In this region, catering for 100 people cost for a full-service BBQ buffet with two proteins and four to five sides runs $2,500 to $4,000. Catering price for 100 people drops per head as the guest count grows, since fixed costs spread across more plates.
What’s the difference between picnic catering and full-service for a reunion?
Picnic catering means food is delivered and you manage everything on site. Full-service means staff handles setup, the buffet line, and breakdown. For any reunion over 60 guests, full-service is worth the extra per-person cost, mostly because it lets the organizer actually enjoy the day.
How far in advance should I book bbq catering near me for a summer reunion?
For summer dates, book 4 to 6 months out. For other seasons, 8 to 12 weeks typically works. Peak reunion season (June through August) fills fast in this region, and the caterers worth hiring book first.
What’s the average cost per person for bbq catering at a family reunion?
The average cost per person for bbq catering with full service in the Northeast runs $25 to $35. Drop-off formats come in lower, around $15 to $22. Bbq catering prices per person drop meaningfully once the headcount crosses 75.
Can outdoor catering companies handle venues without a commercial kitchen?
Yes, experienced outdoor catering companies handle no-kitchen venues regularly. They transport in insulated equipment, bring their own serving setups, and sometimes grill on site. Ask specifically about this when you call, especially for park venues with restrictions on open flame.
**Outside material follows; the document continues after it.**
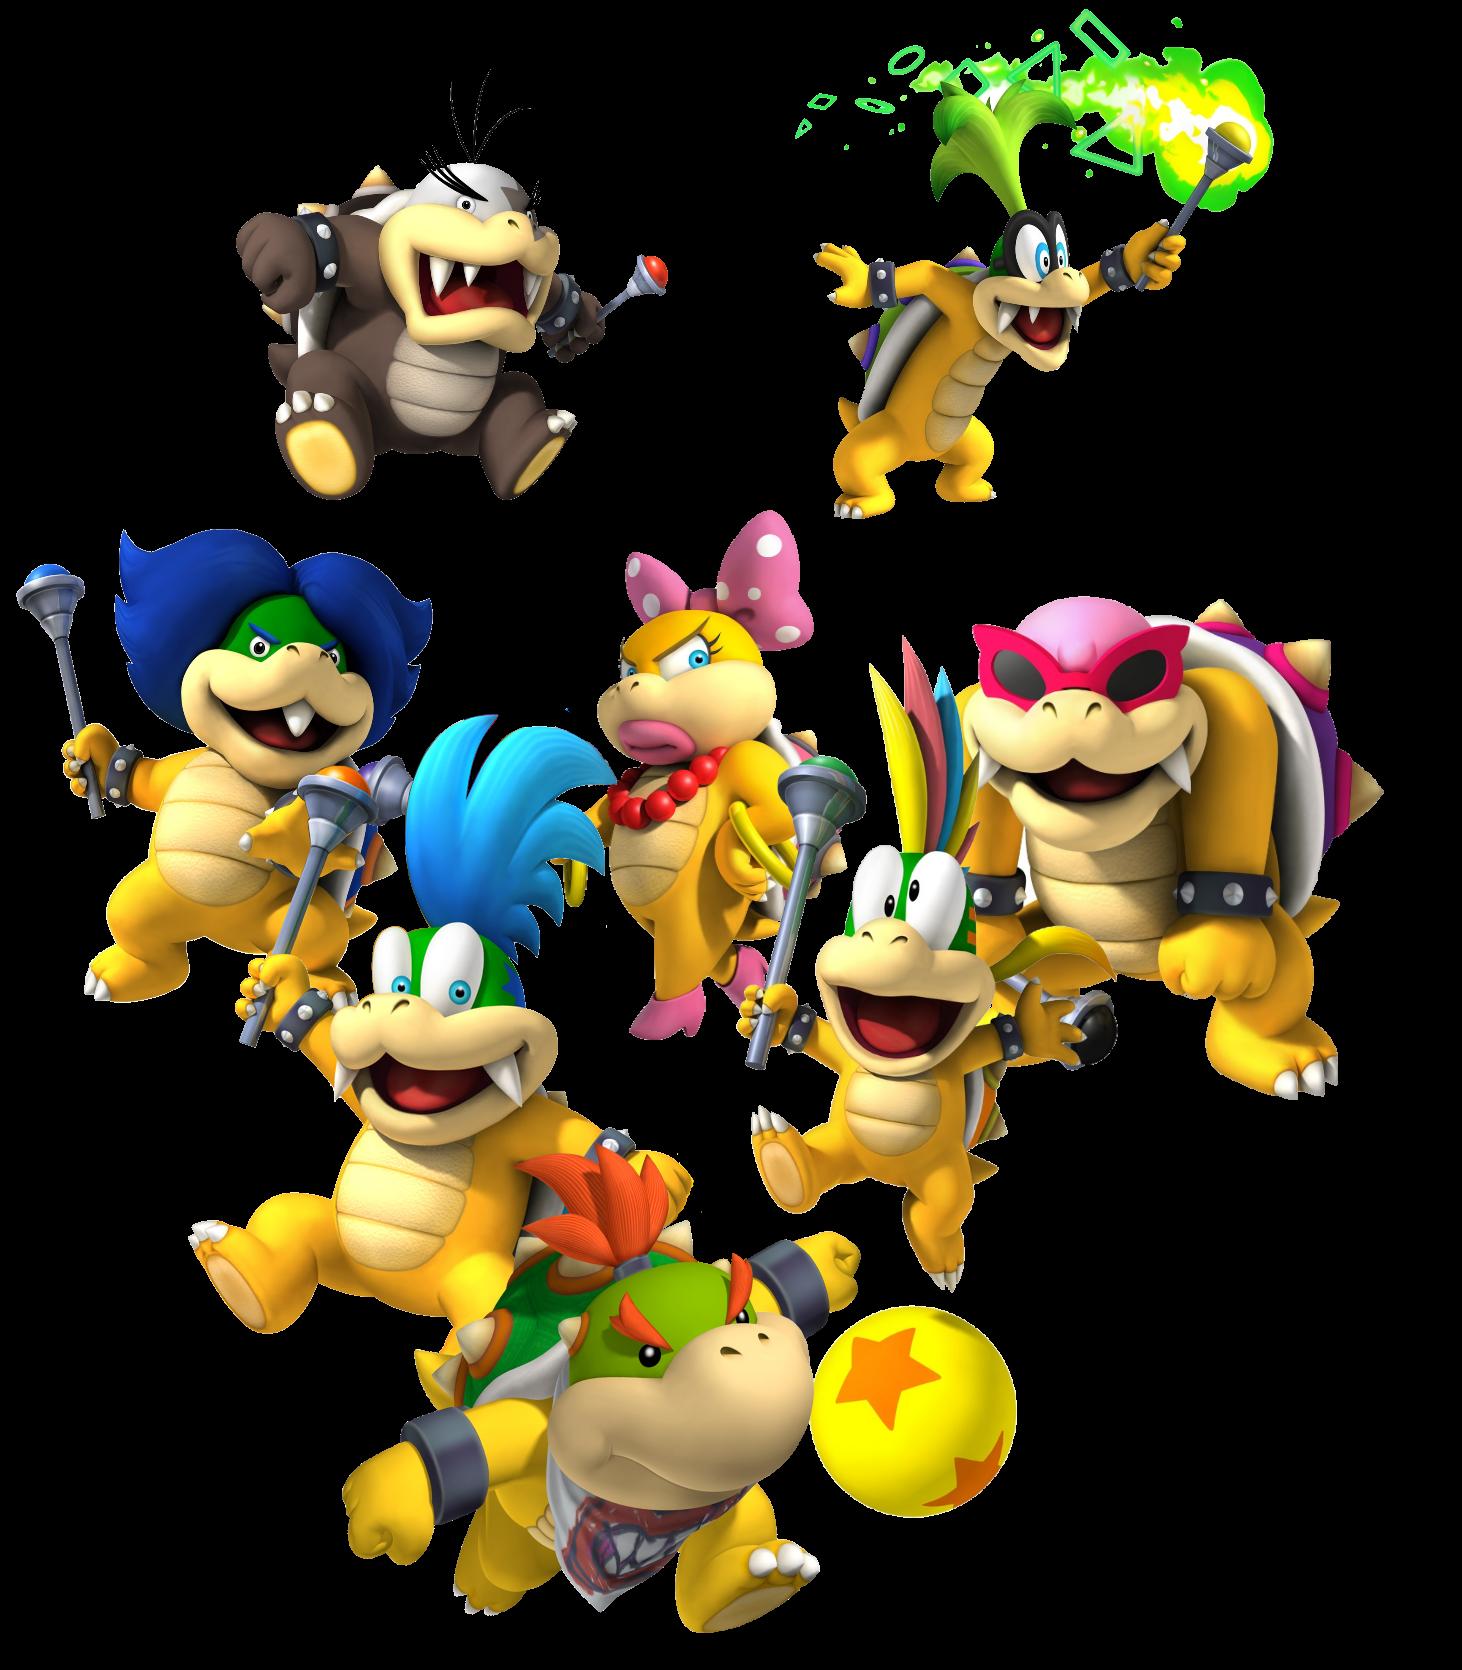 Image 8 Koopalings Png Fantendo Nintendo Fanon Wiki

Is on site bbq catering near me worth more than a buffet drop-off?
For a reunion where the outdoor setting is a feature of the event, yes. On site bbq catering delivers fresher food and adds something for guests to watch and gather around. For smaller spaces or shorter events, a staffed full-service buffet gets you similar food quality at lower cost without the equipment logistics.
How do I handle meals for large family gatherings with dietary restrictions?
Tell your caterer three weeks out, minimum. Gluten-free, vegetarian, and nut-free are all manageable with advance notice. Last-minute dietary requests at reunion scale are genuinely hard to fix, and “we’ll figure it out on the day” is almost always a bad plan.
How does family reunion catering differ from company picnic catering?
The logistics overlap considerably. Family reunion catering and corporate picnic catering both involve large outdoor groups, limited kitchen access, and food that needs to hold for hours. The main difference is age range: family reunions span more generations, which means more varied texture and heat preferences in the menu. The planning timeline and booking lead times are about the same.
Final Thoughts
The food is not the whole reunion. It is, however, the thing people remember most clearly when everything else blurs together. A perfect venue gets forgotten. A great meal on a summer afternoon, with everyone finally in the same place, has a way of sticking.
Family reunion catering done right doesn’t have to be complicated. You don’t need 10 proteins or a carved meat station. You need the format that matches your group size, a menu that doesn’t leave anyone stranded, quantities that account for the late arrivals and the grazers, and a caterer who shows up on time and handles the logistics quietly while you handle everything else.
Lock in your headcount and your date first. Family reunion catering gets a lot less complicated once those two variables are fixed. From there, the rest of it becomes a solvable math problem.
Family reunion catering is one of those things where the planning makes all the difference, and it’s worth getting the food right.
Pricing estimates in this article reflect general market ranges in CT, NY, and NJ as of 2026 and will vary by region, vendor, menu complexity, and event requirements. Always request itemized quotes before finalizing your budget.
Curated by Bites by Braxtons,
Flavorful beginnings, unforgettable endings.